### Work task
Begin your transcription at the line containing "Frenchie and Doughnut Throw Pillow Cover" and continue it, word for word, to the final line below. Include only those lines and skip the pictures.
Available data: Begin
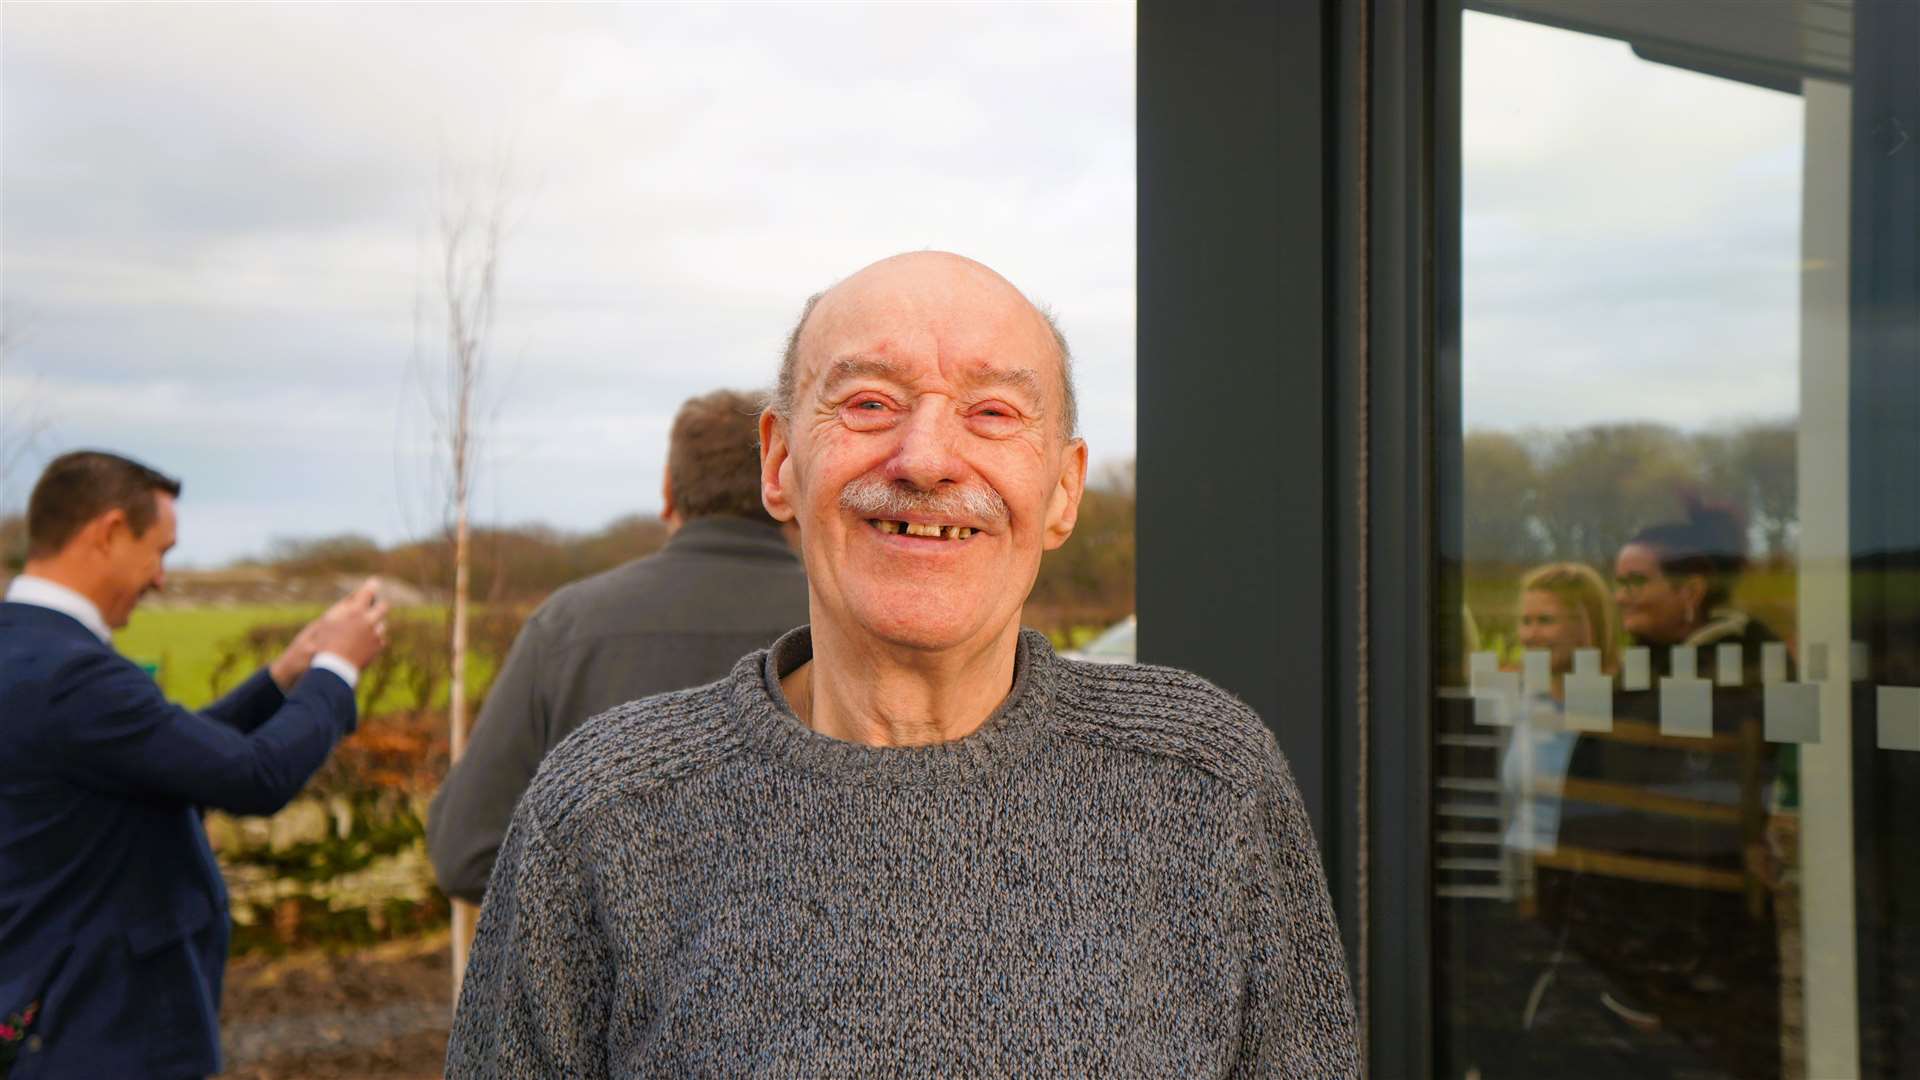 John Goodbrand from Thurso was one of the visitors on the open day event. Picture: DGS
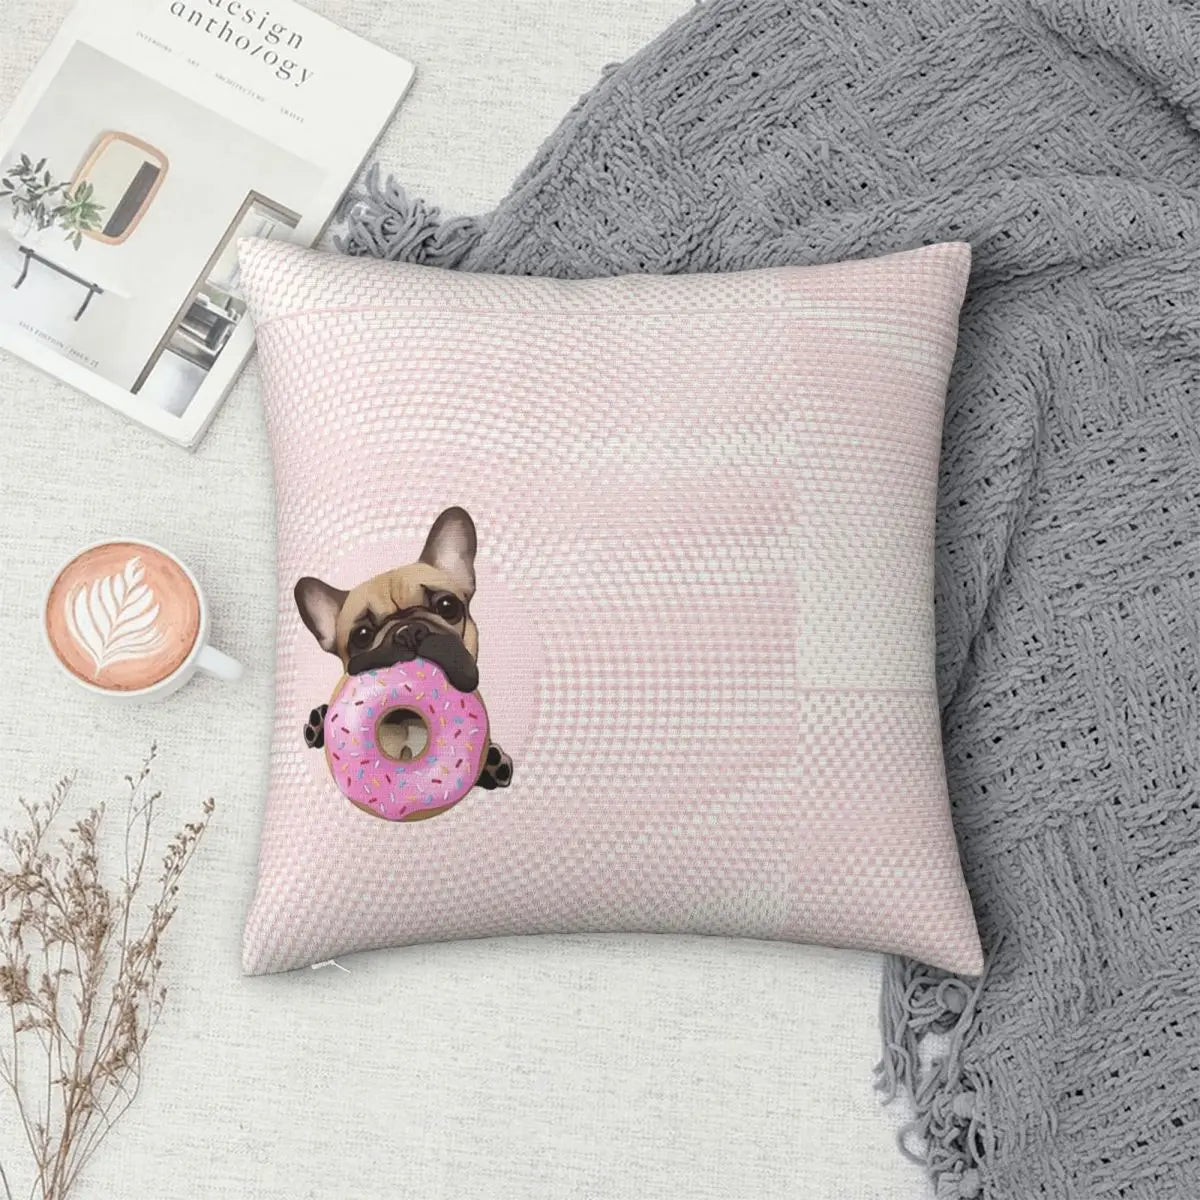 Frenchie and Doughnut Throw Pillow Cover
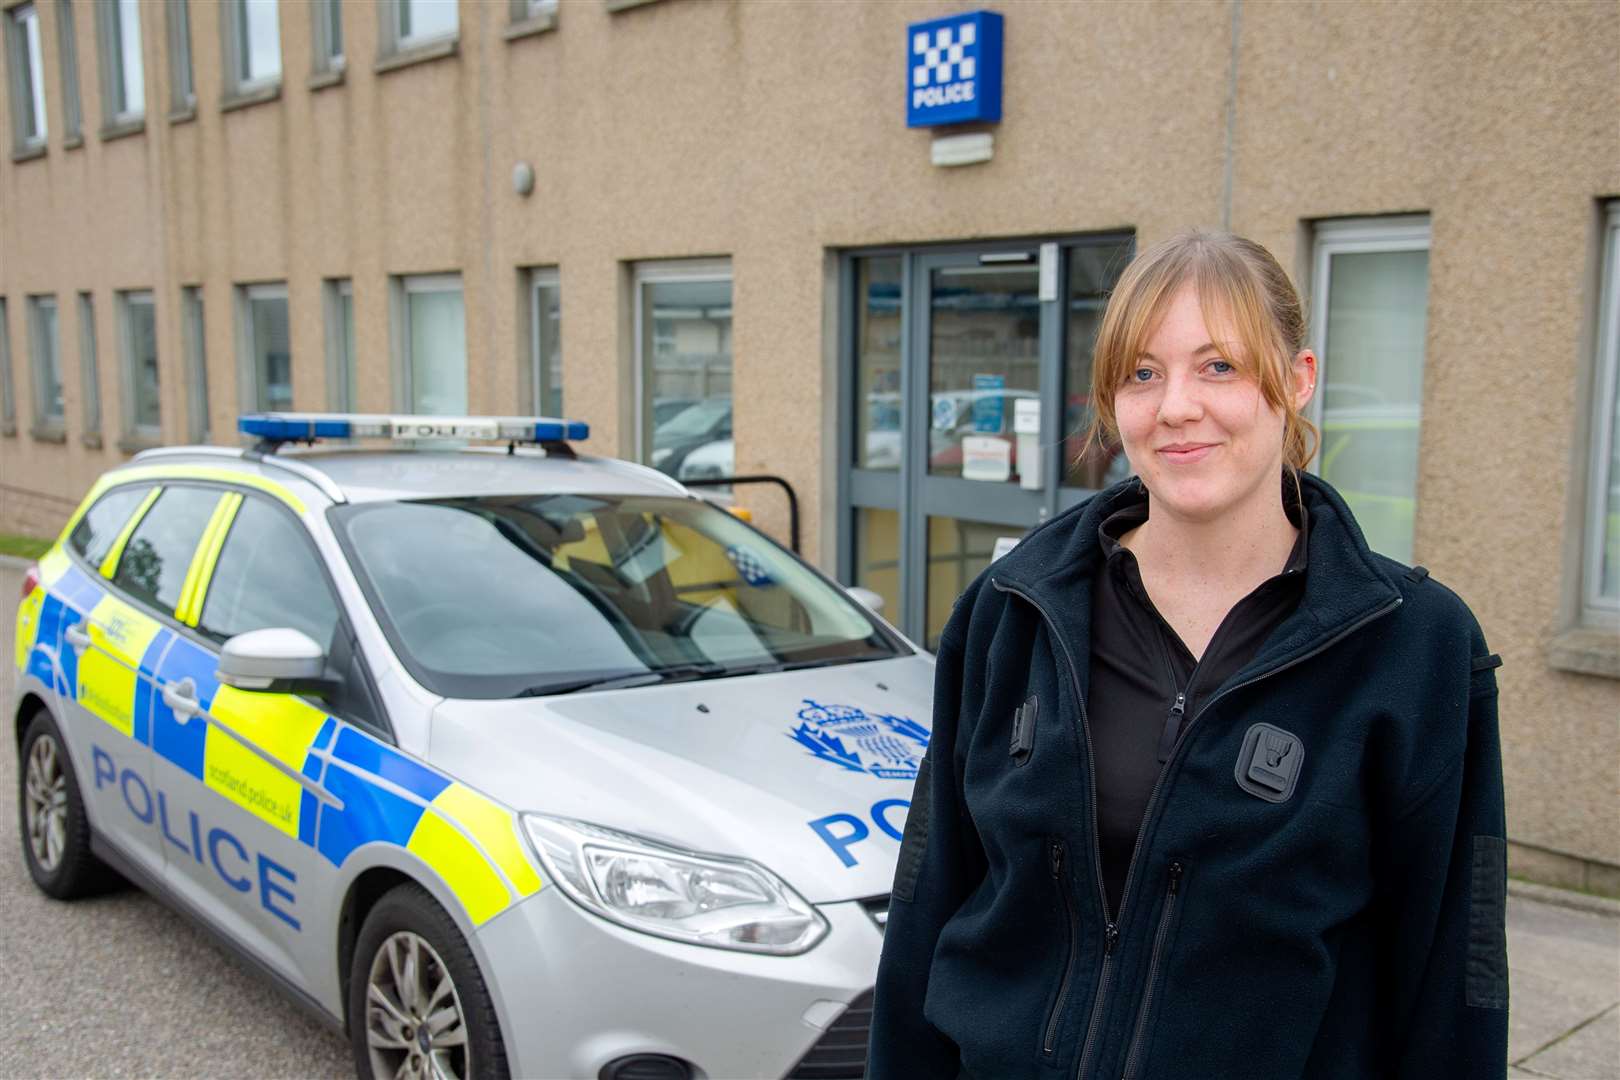 Buckie and Keith Community Officer PC Rachel Barclay. Picture: Daniel Forsyth
Available data: End
### Answer section
 Frenchie and Doughnut Throw Pillow Cover
 Buckie and Keith Community Officer PC Rachel Barclay. Picture: Daniel Forsyth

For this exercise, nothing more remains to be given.